The GAAR Advisory Panel issued the opinion on disguised remuneration schemes due to the growing controversy and the release of loan charge act in finance.  Employers used those schemes to pay individuals their income through loans, usually paid out via offshore trusts, and to sidestep income tax and National Insurance contributions. The loans were structured in such a way that they would never have to be repaid.

Tax Avoidance Scheme

The panel has examined a packaged tax scheme that used a series of transactions to pass on a reward to a company and an employee — an individual who served as the company’s sole director and shareholder — through their joint acquisition of a secondhand insurance bond.

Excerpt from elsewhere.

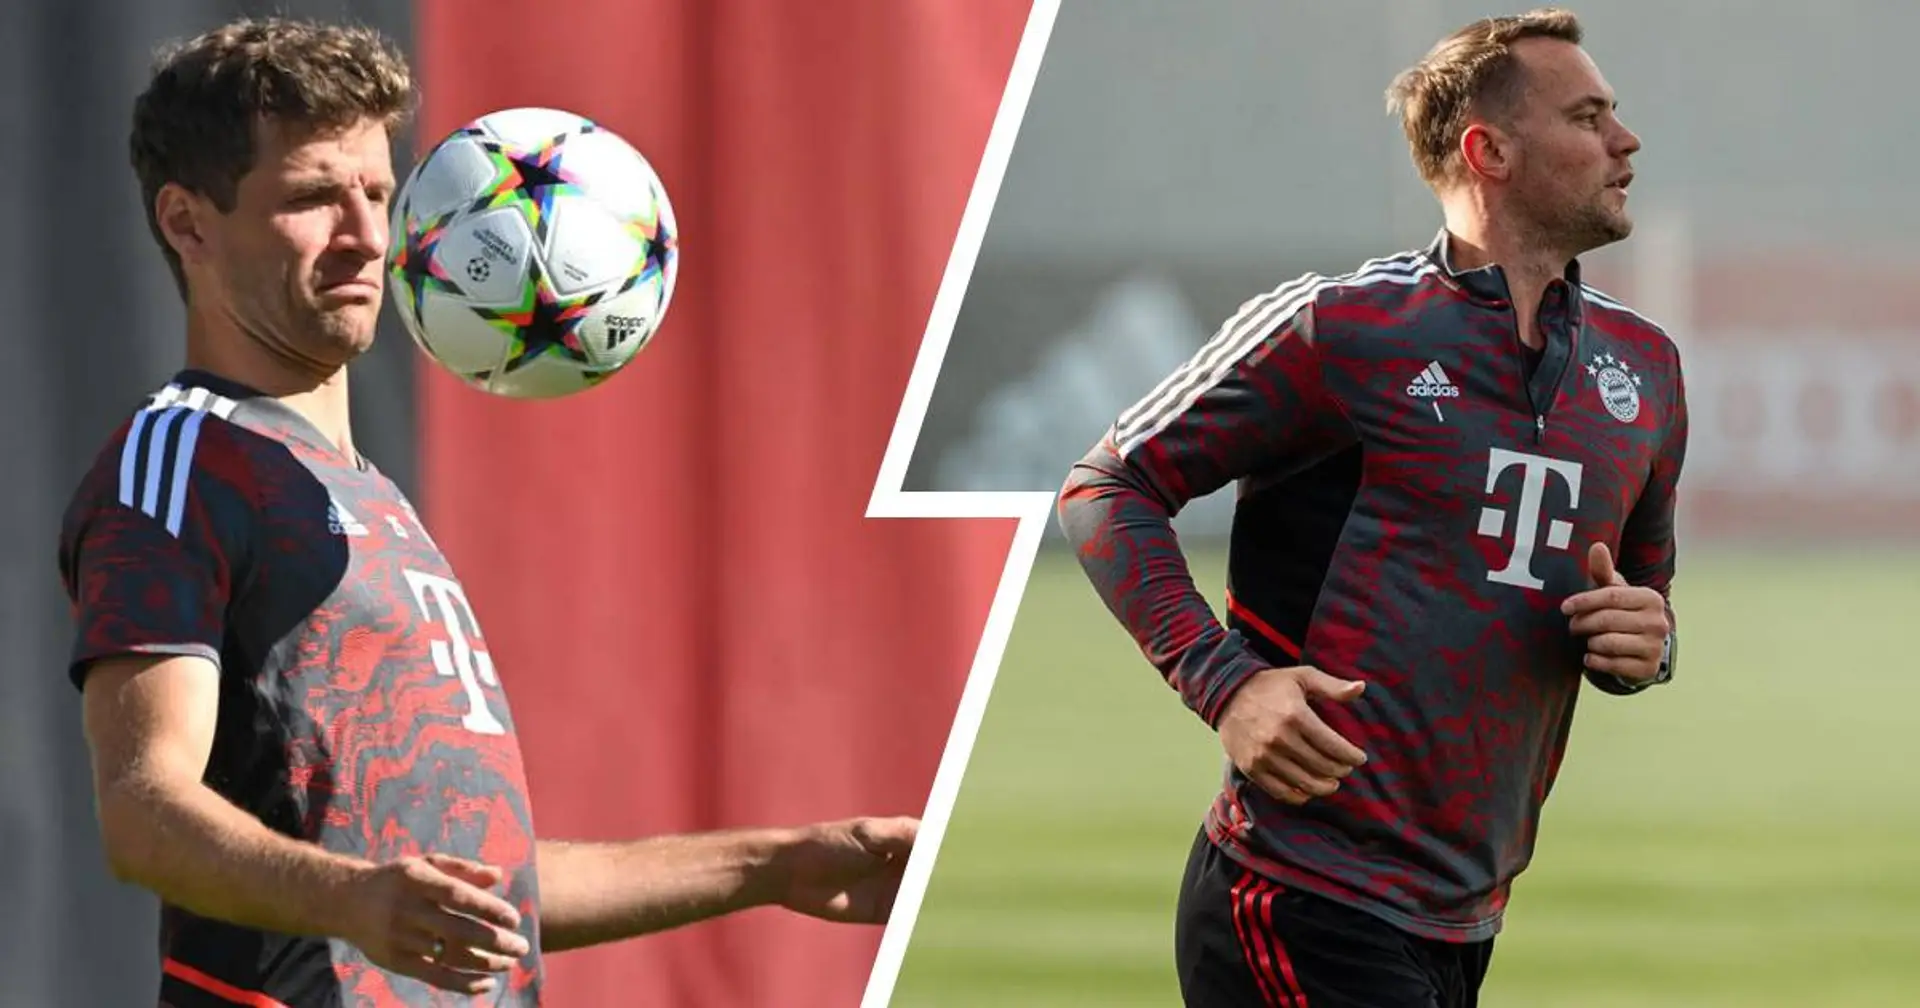 Müller arbeitet wieder mit dem Ball, Neuer trainiert weiter hinter zugezogenem Vorhang - kicker

The scheme involved a loan, liability for which is assumed by the company and satisfied by the individual. The scheme also involved the use of a gilts option, further contributions to the bond, and “cooling off rights” which were, in this case, a 30-day period in which the investor could cancel his position in the gilts option and contributions to the bond.

These arrangements resulted in the individual receiving of £1.5 million from the company that the individual argued was not earnings under U.K. income tax and National Insurance contributions rules, even though the company claimed a tax deduction for that amount as the director’s remuneration.

The panel found that the arrangements were similar to a situation in which the company would have paid a cash bonus to the individual as remuneration. Therefore, the purpose of this planning is to enable an employer to reward an employee in a tax-efficient way and look to secure a corporation tax deduction for the payment.

The Status of GAAR Advisory Panel

GAAR advisory panel opinions aren’t binding on HMRC or taxpayers, but a tribunal can take them into account before a case goes to court. If the panel gives a clear opinion on a case, then either HMRC or the taxpayer can decline to pursue the matter further if the opinion is not in their favor.